Comparatively, investment in these stocks is inexpensive. Thus, you can invest without losing a substantial part of your investment. Allotting a minor part of your portfolio to buy the best penny stocks will let you get more results.
Keeping in mind the scale whereat companies providing such stocks function, they could be prone to higher risks. Such stocks majorly rely upon market conditions to grow in terms of value. Along with basic risky factors, there are a few other things that may put you under the radar with penny stocks.
Considering that companies that issue penny stocks are startups, there will be a lack of information when it comes to financial soundness, growth prospective, previous performance and more. People may invest half-wittingly. Hence, conducting thorough research before investing should not be avoided.
In financial history, penny stocks scams are nothing but common. Scammers and organizations buy a huge amount of penny stocks, leading to Inflation, which attracts other investors to follow suit. Once an adequate number of buyers have invested in stocks, such scammers and organizations dump shares. This results in an instant decrease in the value, followed by major losses.
2020 was definitely a roller coaster for most of the investors. While the pandemic made the year unprecedented, the stock market had a lot of surprises for investors.

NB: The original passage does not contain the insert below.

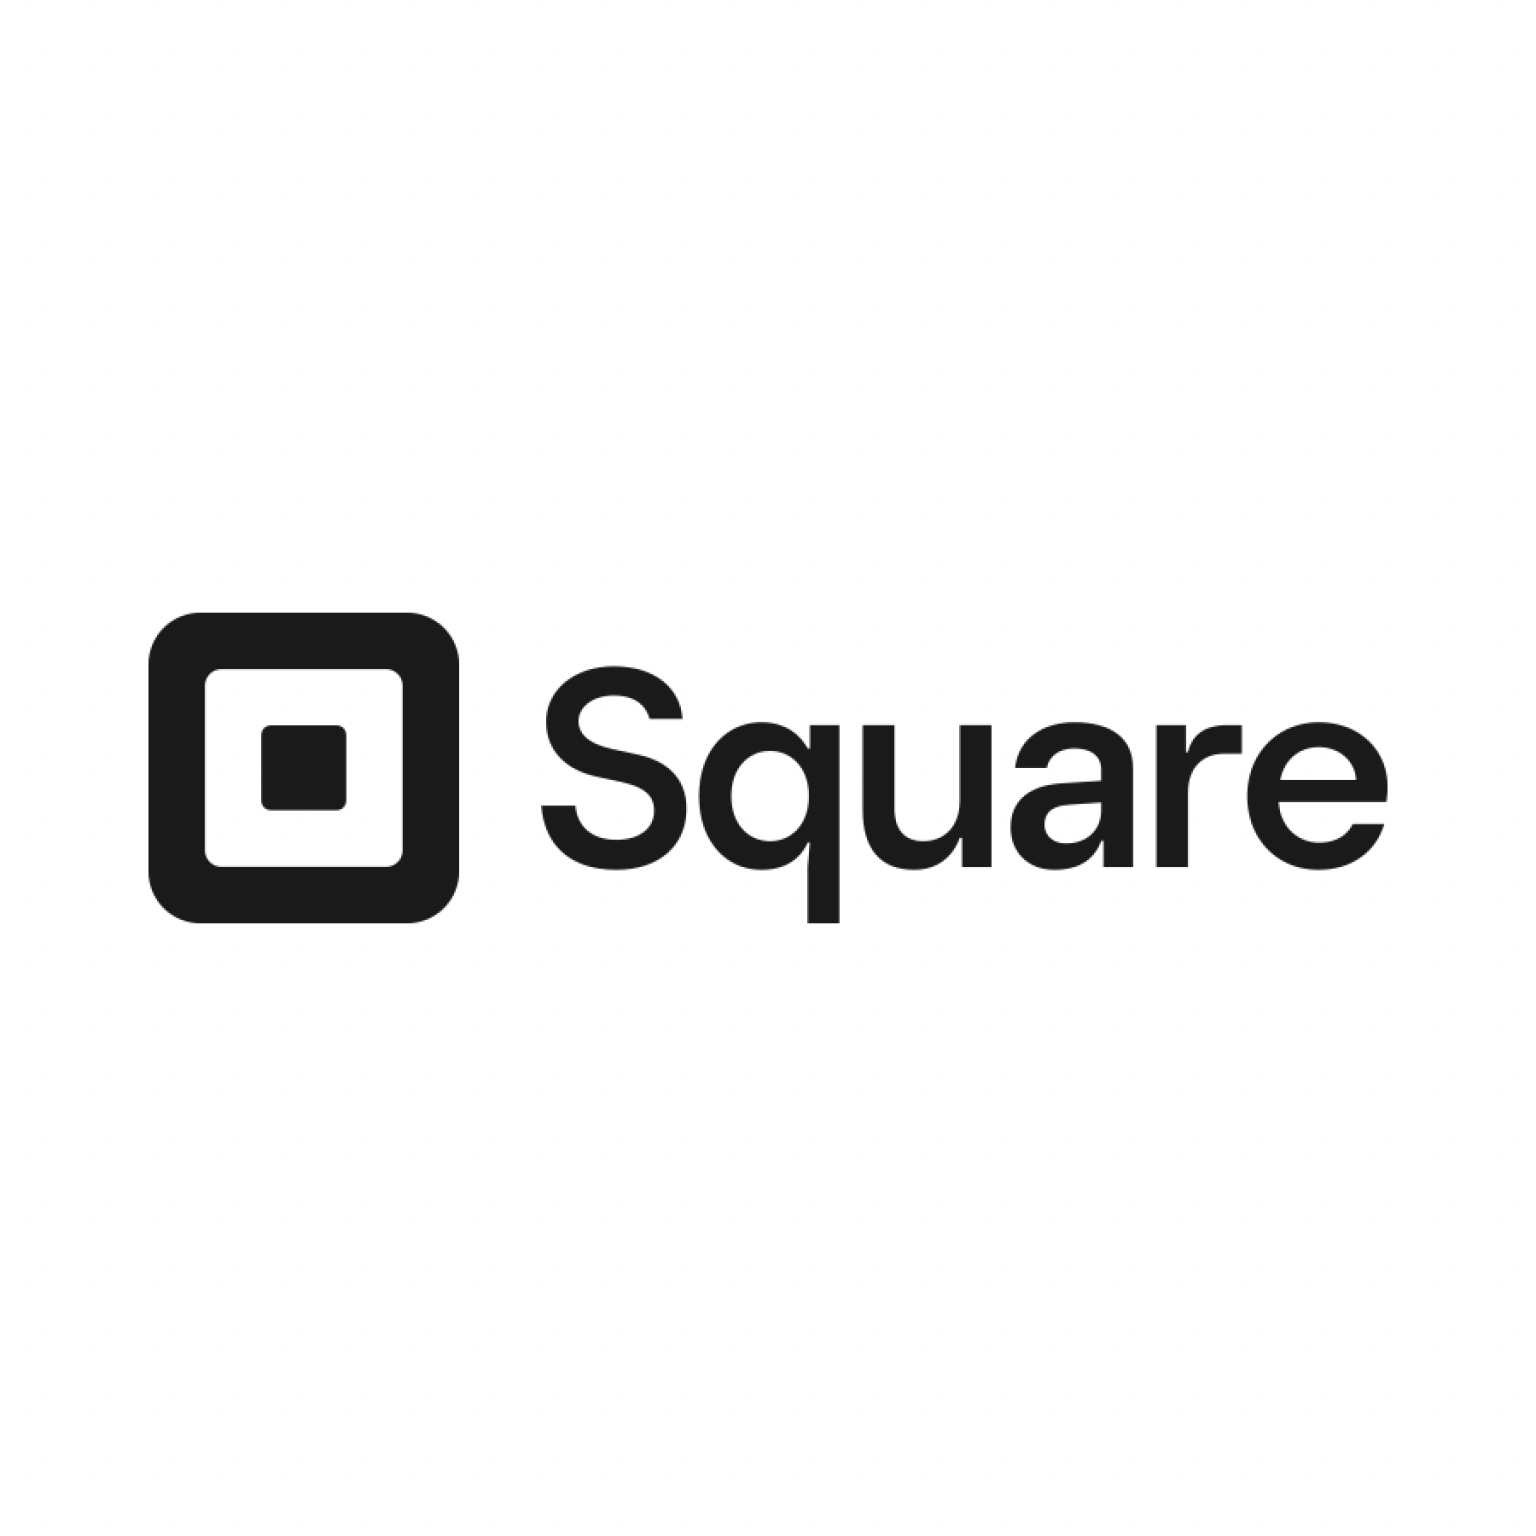 Square is changing its name to Block, effective December 10, and renaming Square Crypto to Spiral, as its business shifts toward technologies like blockchain (Kate Rooney/CNBC)

In 2020, there were 10 major penny stocks that acquired more than 200%. So, here are the best ones that were trading less than Rs. 25 and had more than Rs. 100 crores of market cap at the end of 2019.
In 2020, this stock increased by 602%. As of December 24, 2020, it cost Rs. 21.35.
The stock has increased up to 403% in the year 2020. As of December 24, 2020, it came to Rs. 29.70.
As of December 24, 2020, this stock saw an increase of up to Rs. 113.10, accomplishing an upsurge of 376%.
This stock saw an increase of 301% in 2020 and reached Rs. 72.40 as of December 24, 2020.
As of December 24, 2020, this stock is at Rs. 43.20, with an upsurge of 299%.
This specific stock had an upsurge of 299%, and as of December 24, 2020, it has reached Rs. 6.61.
While for most people, penny stocks could be good in terms of investment, they do have a certain amount of risks, similar to every equity type. At times, the price movement of these stocks can turn unpredictable; thus, increasing the risk Factor. However, if you do your research and choose the right penny stock, these risks can easily be mitigated. Thus, make sure you don’t step back from conducting extensive technical and fundamental research.